= Norman Strung =

English professor

Norman Strung (October 21, 1941 - October 17, 1991) was an U.S. English professor, outdoor guide, magazine editor and free-lance writer, focusing on outdoor recreational activities involving fishing and hunting.

== Life ==
Born in New York in 1941, Strung eventually moved to Bozeman, Montana, where he received his Bachelor of Science from Montana State University and married Priscilla Hoerschgen, both in 1963. Strung then attended the University of Montana in Missoula between 1963 and 1964, returning to Montana State immediately afterwards to begin teaching English. His early career involved teaching at the college while also working as an outdoor guide for both hunting and fishing. Strung was a free-lance writer for most of this time as well, contributing to many various outdoor publications throughout his life. This includes being an associate editor for Field and Stream, consultant for the Hunting and Fishing Library of America, and outdoor editor for Mechanix Illustrated.

== Writing career ==
While teaching English at Montana State University from 1964 to 1967, Strung fully began his writing career.
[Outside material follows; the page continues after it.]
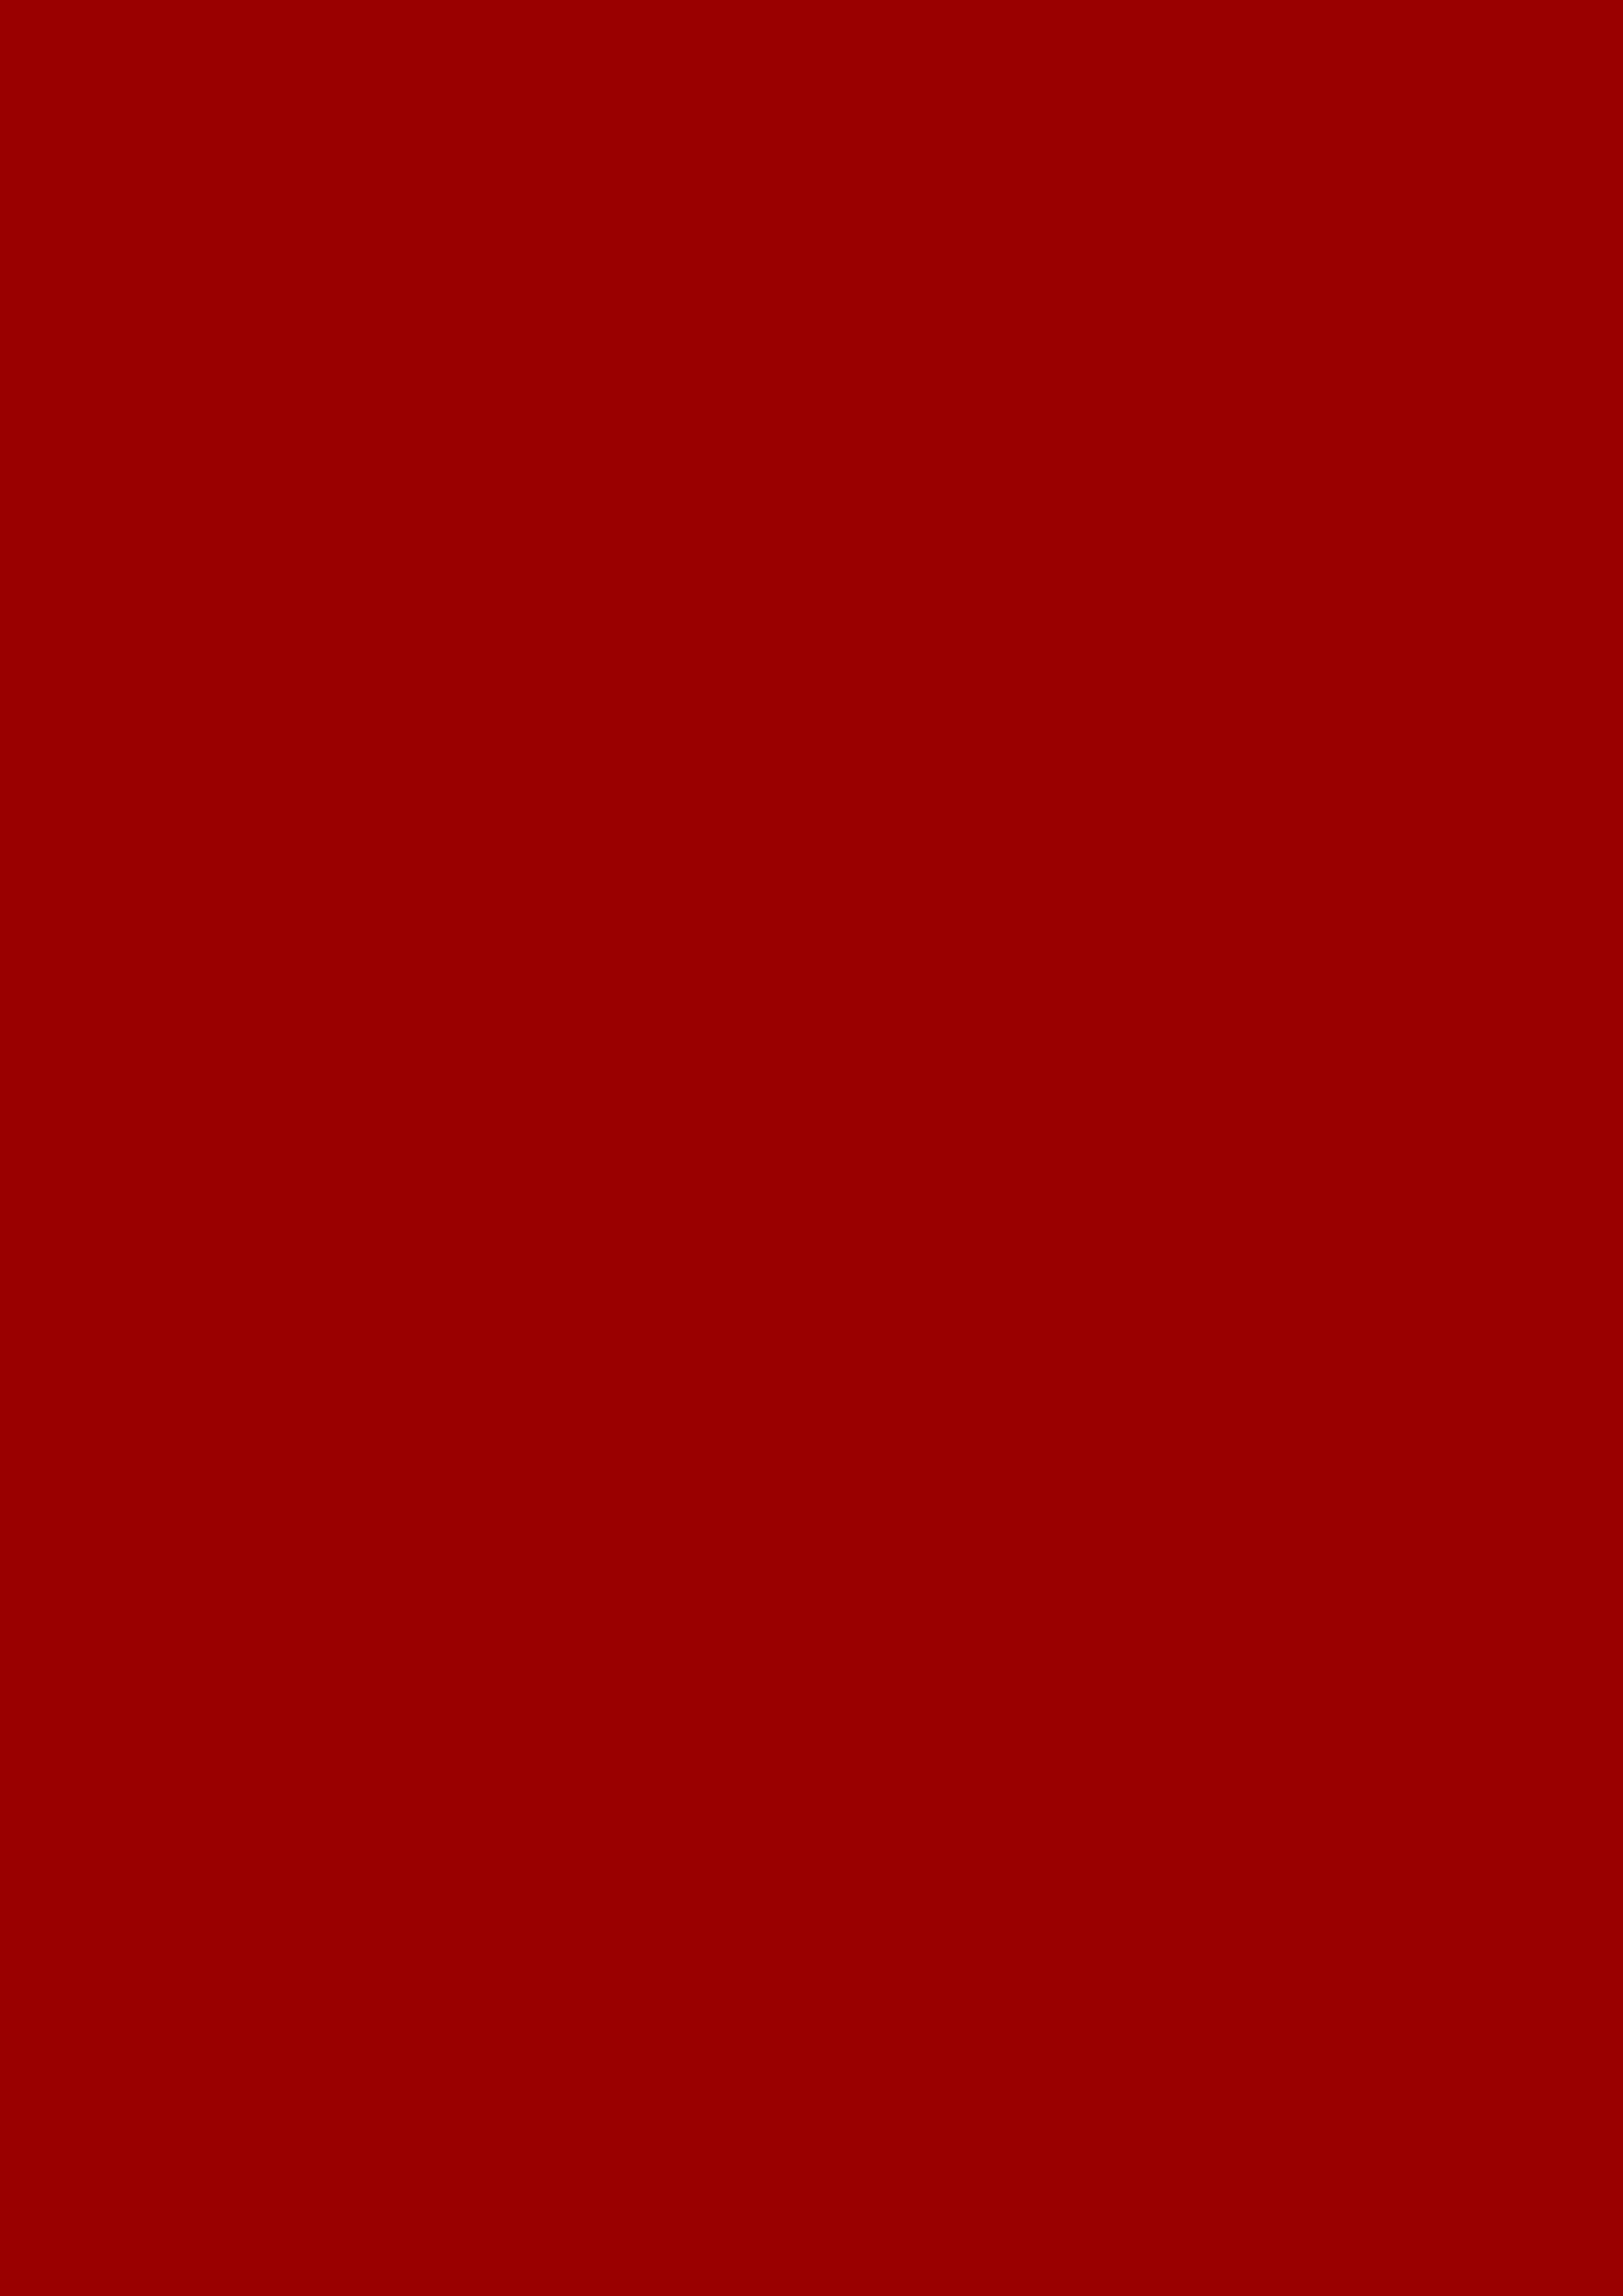 2480x3508 Stizza Solid Color Background

Around June 1966, Strung provided correspondence for the Field and Stream article, "The Month the Madison Goes Wild," starting his work in magazine articles. Strung then began writing for books as well, coauthoring The Fisherman's Almanac and Family Fun Around the Water in 1970. Most of Strung's following work continued to focus on the outdoors and fishing, and by the end of his life he had authored, coauthored, or edited at least 15 different books. Strung also operated under two different pseudonyms, "Bart Yaeger" and "Asouff Barkee" for a large amount of his magazine work. Strung also acted as a ghostwriter for one author, Walter Cook, for several articles, including "Woodland Bison: World's Rarest Trophy" in the Sports Afield magazine.

Norman Strung's Book Publication Record
| Book Title | Role | Year |
|---|---|---|
| The Fisherman's Almanac | Coauthor | 1970 |
| Family Fun Around the Water | Coauthor | 1970 |
| The Hunter's Almanac | Author | 1971 |
| Camping in Comfort | Coauthor | 1971 |
| The Complete Outdoor Cookbook | Contributor | 1971 |
| Winchester Hunter's Handbook | Contributor (1 chapter) | 1972-1973 |
| Deer Hunting: Tactics and Guns for Hunting All North American Deer | Author | 1973 |
| Spinfishing: The System That Does It All | Author | 1973 |
| Misty Mornings and Moonless Nights: A Waterfowler's Guide | Author | 1974 |
| Communicating the Outdoor Experience | Author | 1975 |
| The Complete Book of Boat Camping | Contributor (1 chapter) | 1975 |
| The Experts' Book of Upland Waterfowl | Editor | 1975 |
| The Experts' Book of Big Game Hunting | Editor | 1976 |
| Whitewater! | Coauthor | 1976 |
| The Cutting Edge: An Encyclopedia of Knives | Author | 1977 |
| All About Wildfowling in America | Editor | 1976 |
| The Complete Fisherman's Catalog | Contributor (1 chapter) | 1977 |
| The Complete Hunter's Catalog | Author | 1977 |
| Norm Strung's Pocket Guide to the Madison River | Author | 1979 |
| To Catch a Trout | Author | 1979 |
| Bass Fishing Handbook | Contributor (1 chapter) | 1980 |
| Fishing the Headwaters of the Missouri | Author | 1981 |
| Eppinger Dardevle Catalog | Contributor | 1980 |
| World Book Encyclopedia | Contributor | 1982 |
| The Art of Hunting | Author | 1984 |

== Legacy ==
For the remainder of his life, Strung continued his writing career and outdoor pursuits, being heavily involved in the Outdoor Writers Association of America until a cancer diagnosis. This development led Strung to eventually take his own life on October 17, 1991, nearing his 50th birthday. Strung's written work and materials are currently held within the Montana State University Archives and Special Collections, available for public research and study.